- Directed by: Anirban Guha
- Screenplay by: Anirban Guha
- Story by: Sinjini Sengupta
- Produced by: Anirban Guha
- Starring: Mahul Brahma Daminee Benny Basu Arindom Ghosh Dr. Koushik Dutta Koustav Bhattacharya Sinjini Sengupta
- Cinematography: Ravi Kiran Ayyagari
- Edited by: Sreya Chatterjee
- Music by: Nilanjan Sen, Shantunu Biswas
- Release date: 11 May 2016;
- Running time: 34 minutes
- Country: India
- Language: Bengali

= Elixir (film) =

Elixir is a 2016 Bengali short film by Anirban Guha, a Delhi-based banker.

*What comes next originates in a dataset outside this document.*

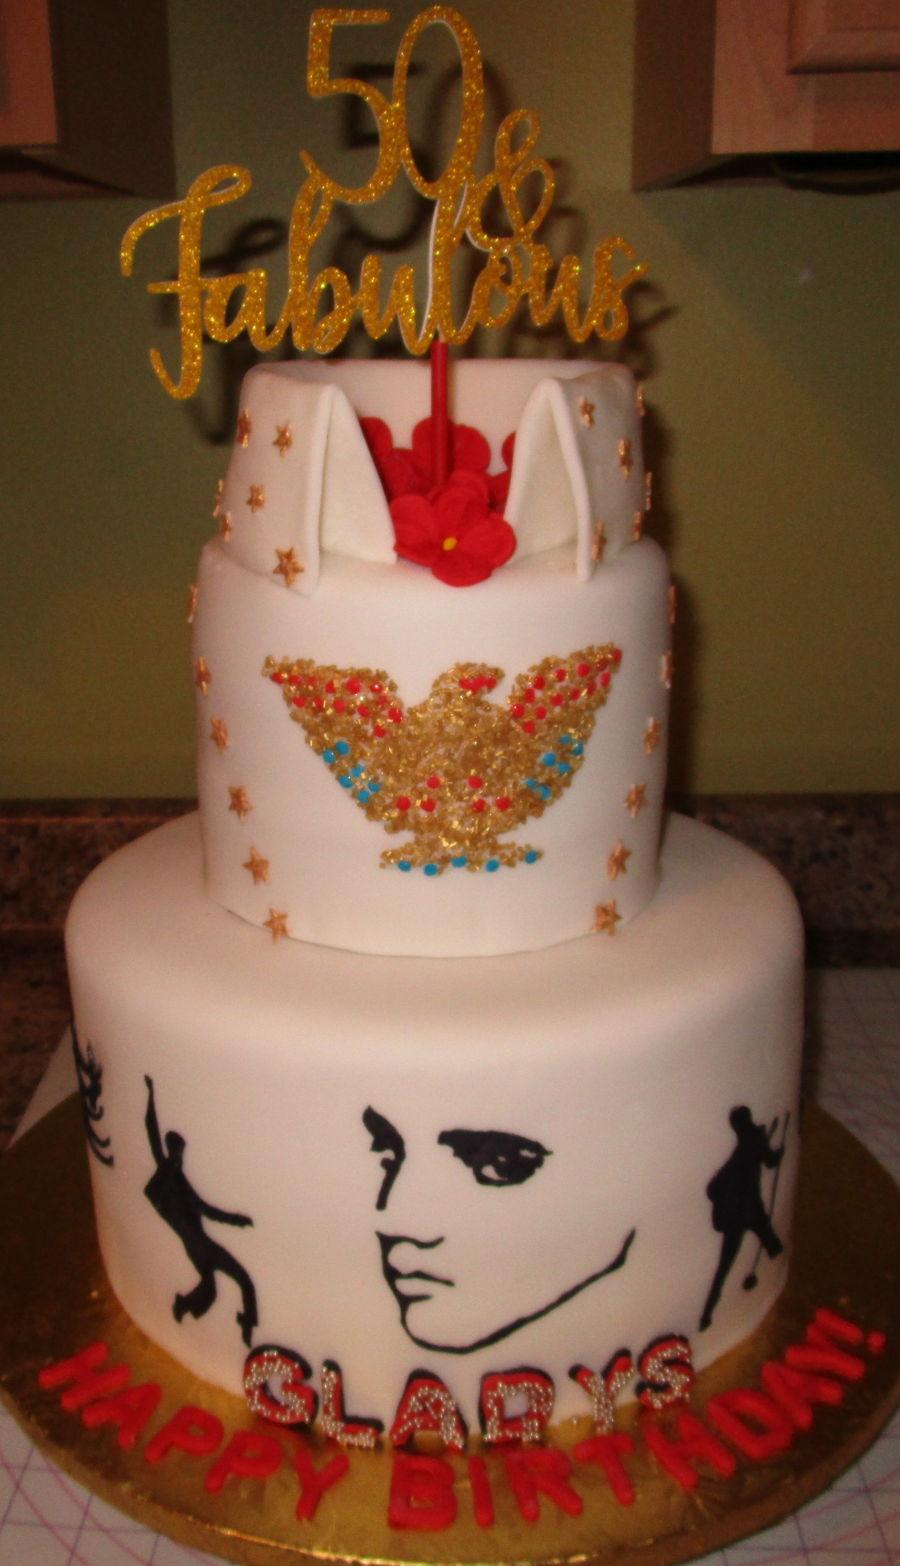 Surprising Gladys Elvis Birthday Cake Cakecentral Com Birthday Cards Printable Opercafe Filternl

During his student days, Guha was deeply involved with theatre and stage productions in Delhi and Bangalore. Elixir was selected for the Cannes Short Film Corner 2016 along with six other Bengali films. The cast includes Daminee Benny Basu, Arindom Ghosh, Mahul Brahma, and Dr. Koushik Dutta.

==Plot==
The film traces the journey of a woman who lives in parallel worlds. The film opens with Srija (Daminee Benny Basu) receiving a phone call from her husband Avik (Arindom Ghosh). Avik asks her whether she can take a break for a few minutes to meet one of his old acquaintances. This unknown man was carrying a parcel for Avik. So he asks Srija to collect it from him. Srija agrees to pick up the parcel. The same evening, Srija waits for the acquaintance at a nearby cafe. As she was waiting, the waiter serves her a glass of water. So far, everything was usual. However, things change when Srija drinks the water ( Elixir). The drink though looked and tasted like water but it was a magical potion that transported Srija to a world of fantasies where she meets Akash (Mahul) and soon sparks fly between them. Srija gradually drifts away from reality and her husband and their relationship hit the rocks. Srija ends up in a mental asylum where she once again, is offered the Elixir of her life.

==Cast==
- Daminee Benny Basu as Srija
- Arindom Ghosh as Avik
- Mahul Brahma as Akash
- Dr. Koushik Dutta as the Counsellor
- Koustav Bhattacharya as waiter/liftman/hospital ward boy

==Production==
This 35-minute film is based on a story written by Sinjini Sengupta and directed by Anirban Guha. As a full-time banker, it was a bit difficult for Guha to manage time and travel frequently to Kolkata. So, the entire process from shooting to post-production took an entire year. It started from the middle of 2015. The shooting was completed within 4 days in December, 2015. This was followed by post-production activities. The members of the technical team that worked on the film were located in 3 different cities. Work was mostly carried out through long telephonic discussions, internet conversations and a few hurricane trips to Kolkata over weekends to wrap up the project.